The University of Santo Tomas College of Fine Arts and Design, popularly known as UST–CFAD, is the fine arts school of the University of Santo Tomas, the oldest and the largest Catholic university in Manila, Philippines.

History
The college originated from the original College of Architecture and Fine Arts (CAFA) founded in 1946. In 1785, the Dominicans made the first attempt to invest art and painting with academic value and formal presence and not merely an accessory to missionary work. That year when Fr. Juan Amador was Rector-chancellor of the university, the Academia de Bellas Artes was opened. The school, however, was not firmly established and its influence was not far-reaching for it was founded as an experiment. Its training on painting functioned only for a short time because there were few enrollees to that course. The Academia later became one of the Estudios de Adorno that existed in the University of Santo Tomas, Ateneo de Manila, and Colegio de San Juan de Letran. Thus in 1935, the Dominicans merely reestablished the fine art school with the primary goal of meeting the ever-present and increasing demand for good catholic artists. It was to be an institution designed to conform to the latest and most advanced artistic theories and practices.

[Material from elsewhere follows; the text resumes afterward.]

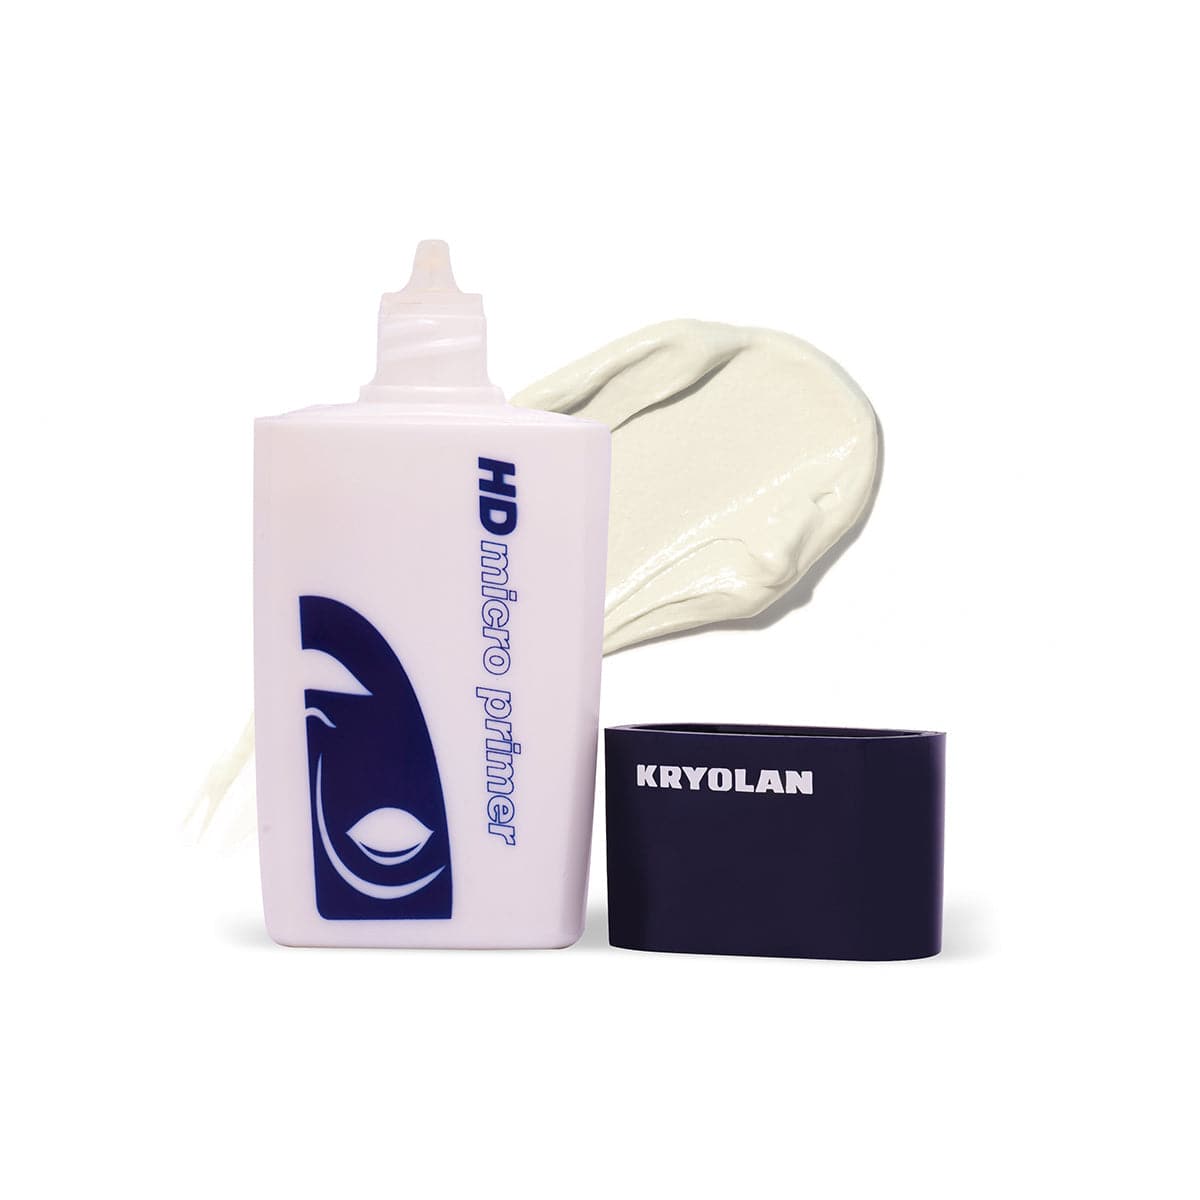 Kryolan Hd Micro Primer - Premium Health & Beauty from Kryolan - Just Rs 6500.00! Shop now at Cozmetica

From 1935 to 1939, students chose from two areas specialization, interior design and public school arts. Interior design was offered in order to meet the demands for professional interior designers due to construction and remodeling activities that were greater than ever. Public school art, according to Victorio Edades (the first school director), an answer to the immediate need of preparing future teachers of arts for private and public schools.

UST was the first Philippine school to introduce interior design as a fine arts major in 1954.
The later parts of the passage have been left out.